If the fleet of aircraft is going to expand by 64% using the slow recovery model (+92% in the robust recovery model) then fuel usage is going to increase by something greater than 50%. Obviously the newer planes are going to be somewhat more fuel efficient but how much remains to be seen. Let's just assume fuel use will rise +55%. That means an additional 8.1 billion gallons of aviation fuel. (14.7 billion times 55%).

That is a challenge because we only get 7 gallons of aviation fuel per refined barrel of oil. That additional 8.1 bg would require an additional 1.15 billion barrels of oil per year or 3.16 million barrels of oil per day. That is using the slow recovery model.

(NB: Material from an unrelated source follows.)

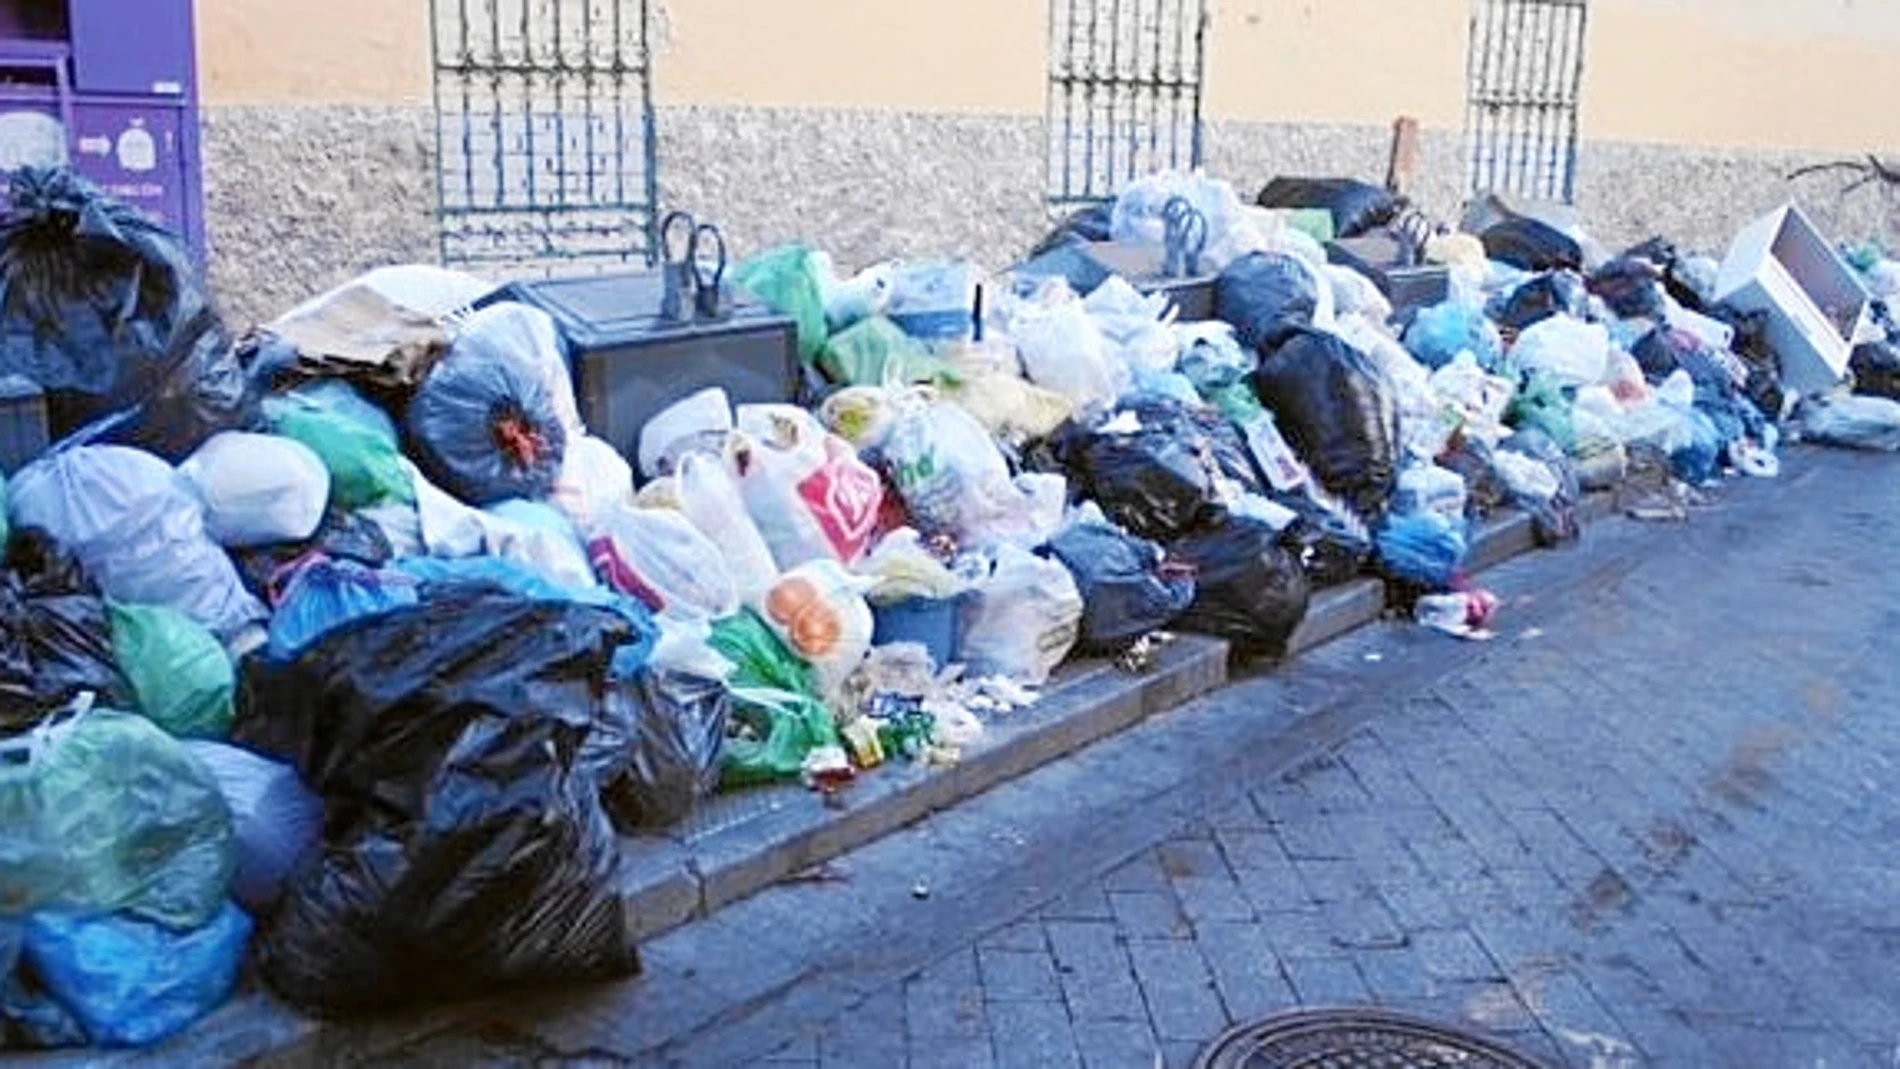 Los vecinos de Alcorcón llevan ya diez días sufriendo la huelga de recogida de basuras

The robust recovery model could require nearly twice that amount.

Today there is excess capacity of about five million barrels per day and mostly from Saudi Arabia. According to the IEA we are losing about 4.5 mbpd to depletion each year. We are adding to that capacity about 2.5 mbpd of new production from new finds and reworks of old fields. The IEA says rising demand will equate to about 1.5 mbpd per year for the next five years. If you do the math we are going to be walking not flying very soon.

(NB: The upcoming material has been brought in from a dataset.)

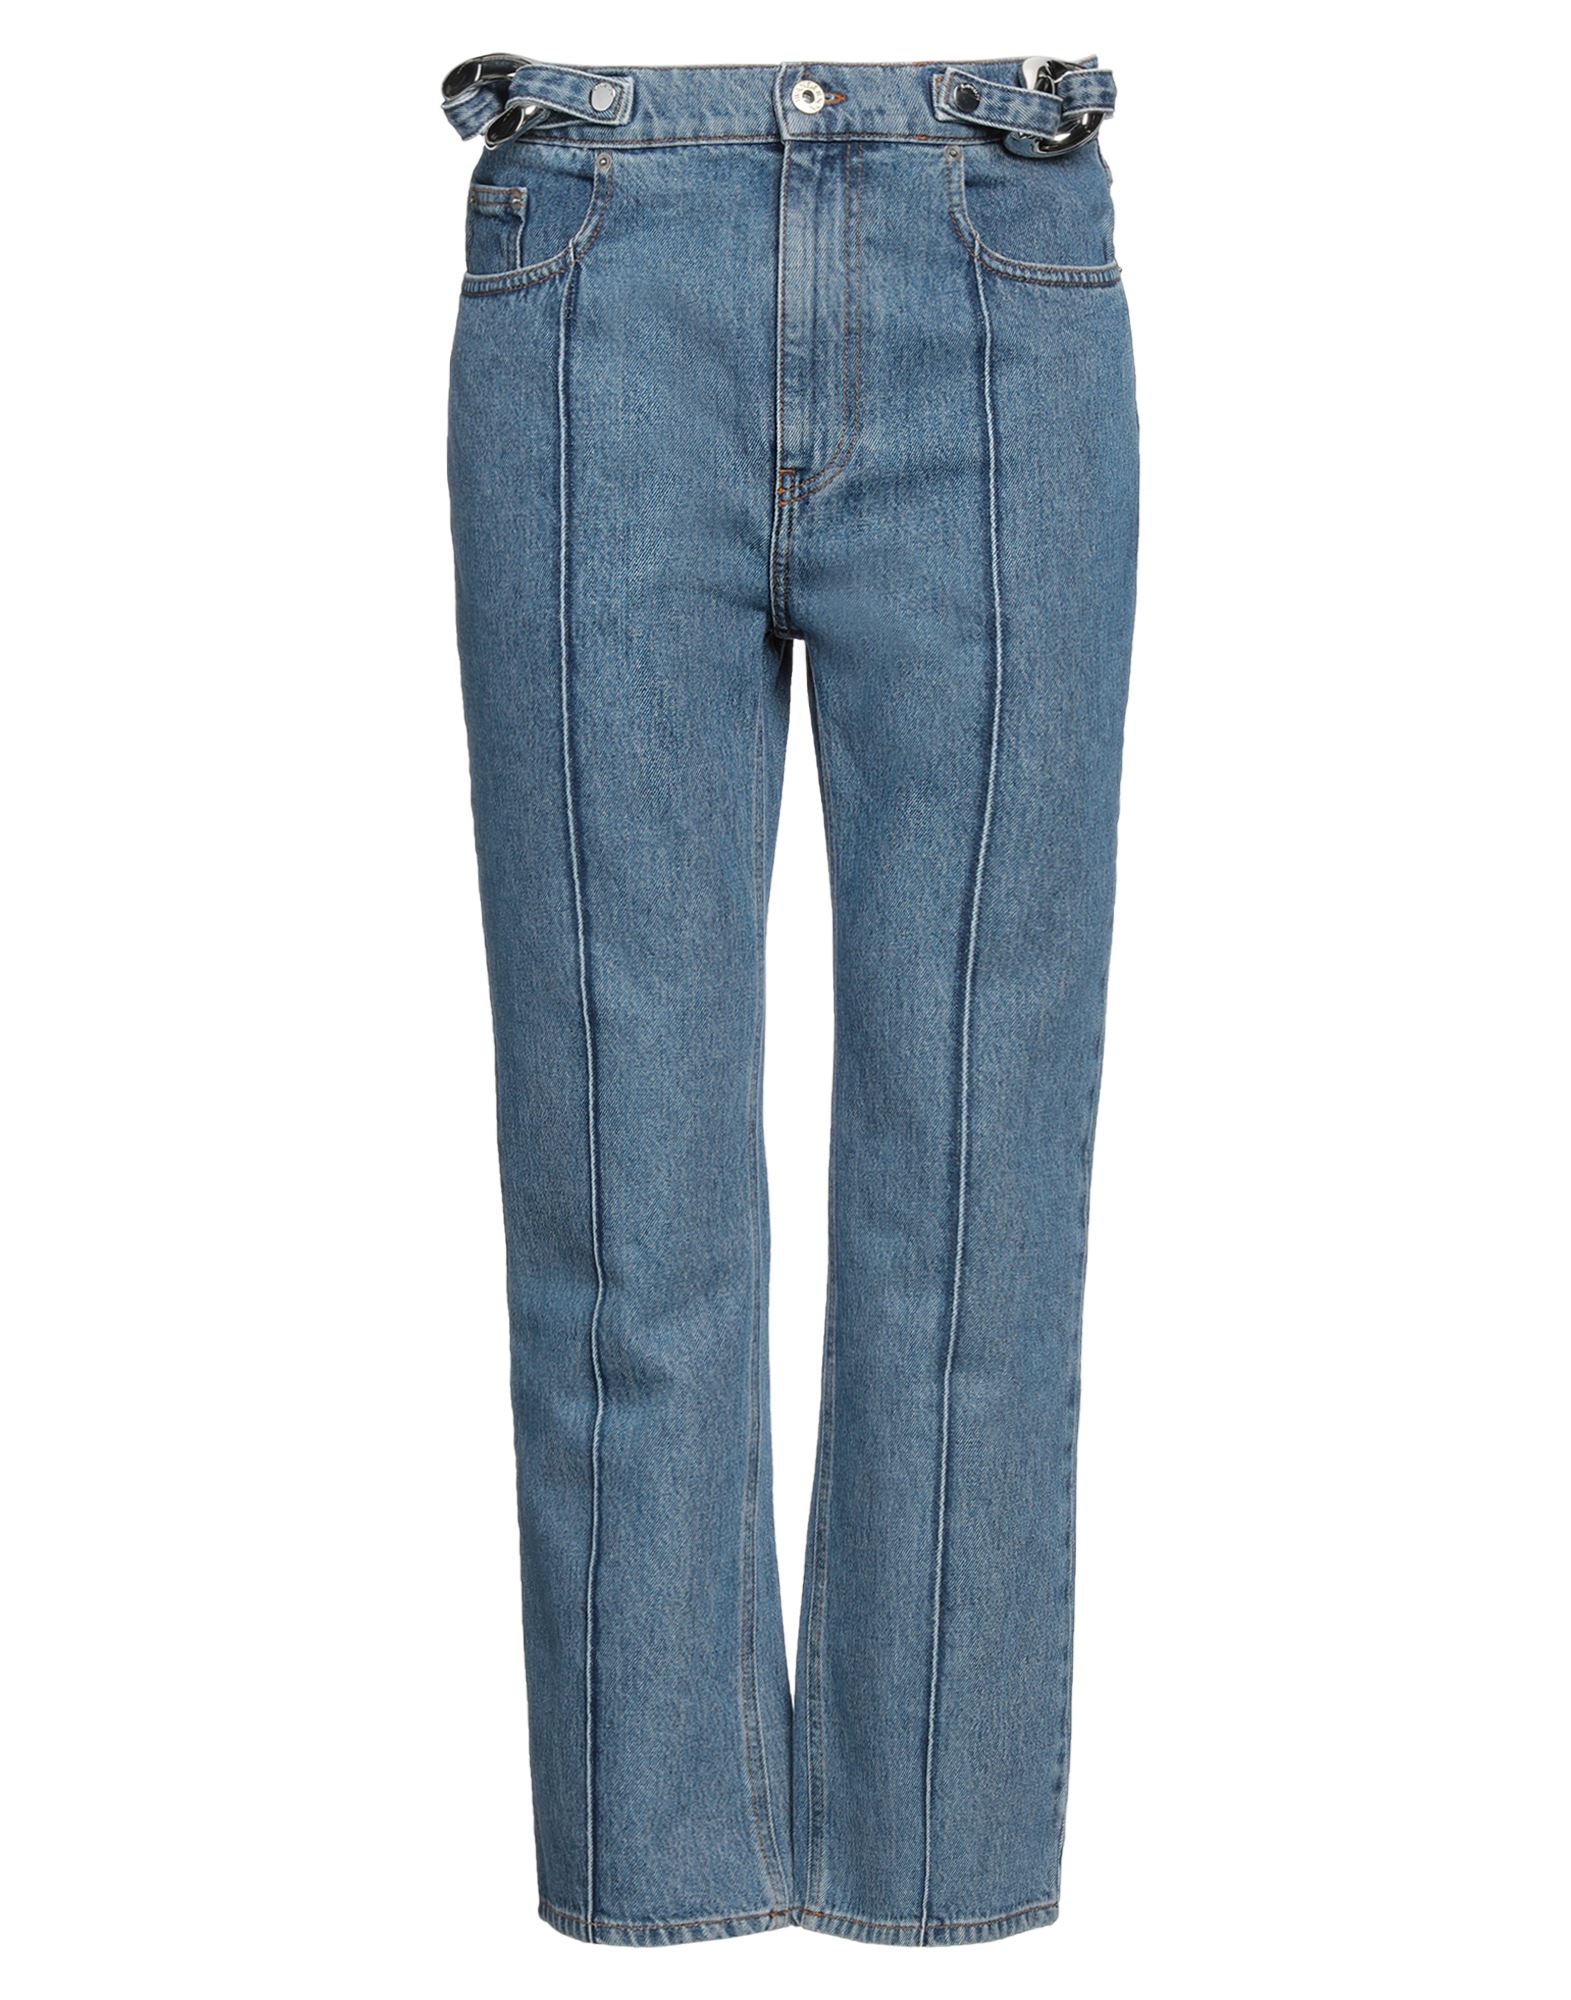 Shop Jw Anderson Man Jeans Blue Size 34 Cotton

I threw this table together really quick using the numbers stated by the IEA. When you take the current production and add new production and subtract depletion you get a new starting number for the next year. In reality new production is declining and depletion is rising as the fields get older. However, this snapshot is all you need to understand that there is no possible way there will be 30,000 planes by 2029. I seriously doubt there will be as many planes then as there are today. Flying will be an extreme luxury with multi hundred dollar per barrel oil.

Capacity decline table

The Boeing strategist who put together their forecast is seriously mistaken. That is like saying my rosebush grew a foot this year so 20 years from now it will be 20 feet taller. There are physical constraints to every problem. Starbucks can only put so many stores in the same block. Every person on earth will never have n iPhone and all the easy barrels of oil have been found. New production will never again exceed the depletion rate. There will never be 30,000 new planes by 2029.